Darreichungsform und Inhalt

Akkusid wird als Tabletten mit Filmhülle (beidseitig konkav, rosa) geliefert: je 10 Stück im Blister, drei Blister in der Packung;

  • 10 mg + 12,5 mg: oval, auf einer Seite die Kennzeichnung «PD 222»;
  • 20 mg + 12,5 mg: dreieckig, auf einer Seite die Kennzeichnung «PD 220»;
  • 20 mg + 25 mg: rund, auf einer Seite die Kennzeichnung «PD 223».

Die Wirkstoffe pro Tablette (10 mg + 12,5 mg):

  • Chinapril 10 mg (Chinaprilhydrochlorid 10,832 mg);
  • Hydrochlorothiazid 12,5 mg.

Die Wirkstoffe pro Tablette (20 mg + 12,5 mg):

  • Chinapril 20 mg (Chinaprilhydrochlorid 21,664 mg);
  • Hydrochlorothiazid 12,5 mg.

Die Wirkstoffe pro Tablette (20 mg + 25 mg):

  • Chinapril 20 mg (Chinaprilhydrochlorid 21,664 mg);
  • Hydrochlorothiazid 25 mg.

Hilfsstoffe (für die Dosierungen 10 mg+12,5 mg / 20 mg+12,5 mg / 20 mg+25 mg): Laktosemonohydrat – 32,348 / 77,196 / 64,696 mg; Magnesiumcarbonat – 35,32 / 70,64 / 70,64 mg; Povidon K25 – 4 / 8 / 8 mg; Crospovidon – 4 / 8 / 8 mg; Magnesiumstearat – 1 / 2 / 2 mg.
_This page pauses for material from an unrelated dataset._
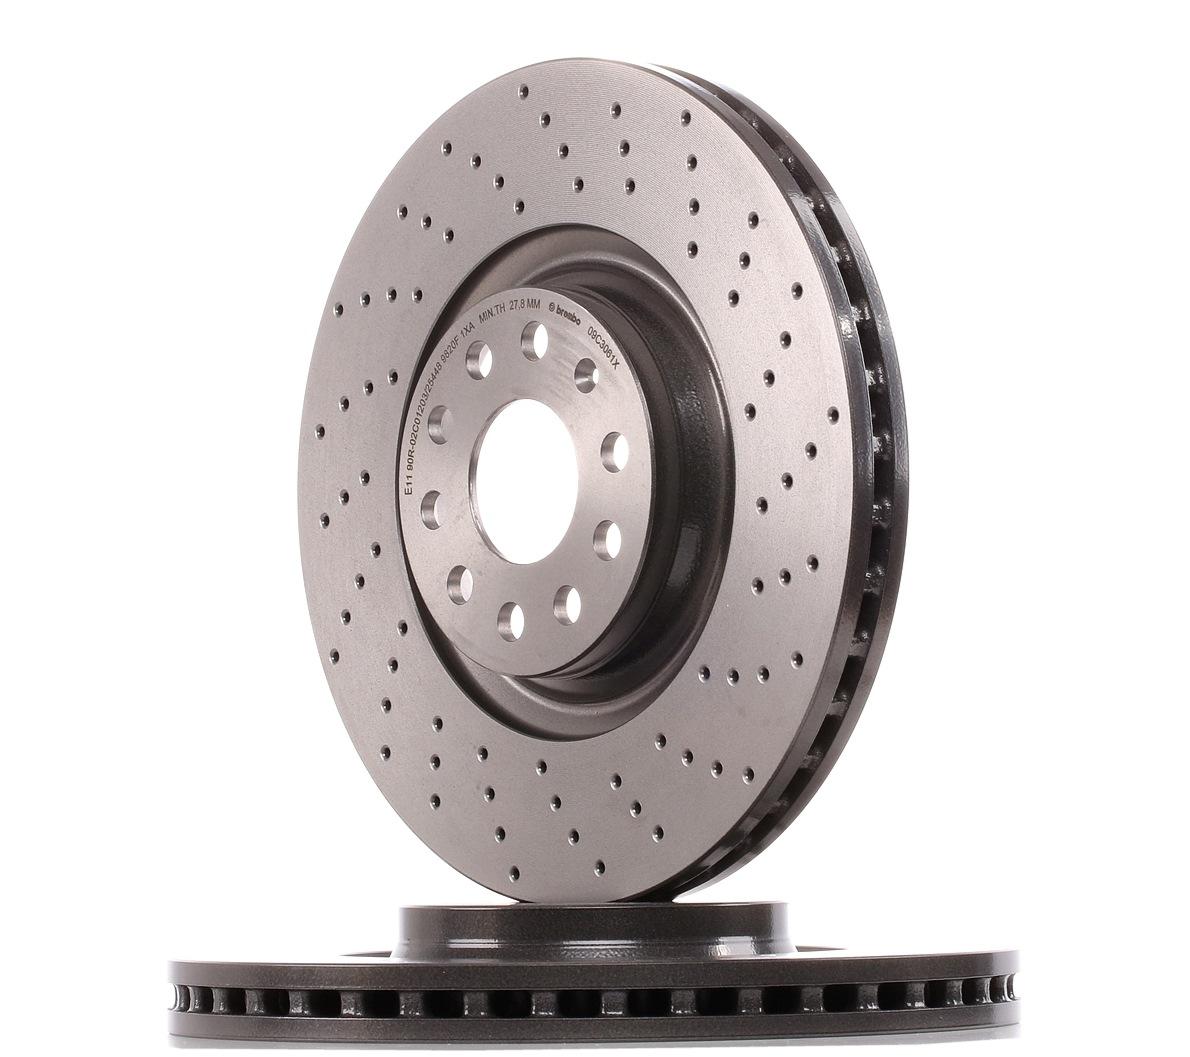 Achetez Disque de frein BREMBO 09.C306.1X (Ø: 340, 340,0mm, Épaisseur du disque de frein: 30, 30,0mm) à un rapport qualité-prix exceptionnel

Zusammensetzung der Filmhülle (10 mg + 12,5 mg / 20 mg + 12,5 mg / 20 mg + 25 mg): Opadry rosa OY-S-6937 (Hydroxypropylcellulose, Titandioxid, Makrogol 400, Eisenoxidgelb und -rot) – 3/6/6 mg; Wachsenfett – 0,05/0,1/0,1 mg.

Anwendungsgebiete

Akkusid wird zur Behandlung der arteriellen Hypertonie bei Patientinnen eingesetzt, denen die Kombination von Chinapril und Hydrochlorothiazid bereits verabreicht wurde.

Kontraindikationen

Absolute:

  • Das Addison-Syndrom;
  • Das angioneurotische Ödem in der Vorgeschichte infolge einer vorherigen Anwendung von Angiotensin-Conversions-Enzym-Hemmern (ACE-Hemmer), das erbliche und essentielle angioneurotische Ödem;
  • Diabetes mellitus, der durch eine langdauernde Nierenerkrankung mit renaler Insuffizienz im mittelschweren Stadium begleitet wird (bei einer Glomerularfiltrationsrate < 60 ml/min);
  • Renale (bei einer Kreatinin-Klärfunktion < 30 ml/min) und schwere pockenhafte Niereninsuffizienz;
  • Die Anurie;
  • Obstruktion des linken Herzkammerausflusses
  • Refraktäre Hypokaliämie, Hyponatriämie und Hyperkalzämie
  • Kombinierte Anwendung mit Angiotensin-II-Rezeptorantagonisten oder anderen ACE-Hemmstoffen bei Diabetes mellitus und Organzielgewebeschäden im Endstadium mit Funktionsstörungen der Nieren mittleren bis schweren Schweregrad (Glomerulärfiltrationsrate < 60 ml/min/1,73 m²), Hyperkaliämie (> 5 mmol/l) sowie langdauernder Herzinsuffizienz mit arterieller Hypotonie м2 Kombinierte Anwendung mit Aliskiren bei Patientinnen mit Diabetes mellitus, Hyperkaliämie (> 5 mmol/l), Nierenfunktionsstörungen (Glomerulärfiltrationsrate < 60 ml/min/1,73 m²) sowie langdauernder Herzinsuffizienz mit arterieller Hypotonie
  • Laktase-Defizit, Laktoseintoleranz und Glukose-Galaktose-Malabsorption м2 Alter bis zu 18 Jahren (das Sicherheitsprofil von Akkusid für diese Altersgruppe ist nicht untersucht)
  • Erhöhte Empfindlichkeit gegenüber den Wirkstoffkomponenten sowie Sulfonylamin-Derivaten
  • Relativ: Anwendung von Akkusid mit Vorsicht bei Vorliegen der folgenden Erkrankungen oder Zustände
  • Die erhöhte Sensibilität zu den Komponenten des Präparates, sowie zu den Ableitungen sulfonamida.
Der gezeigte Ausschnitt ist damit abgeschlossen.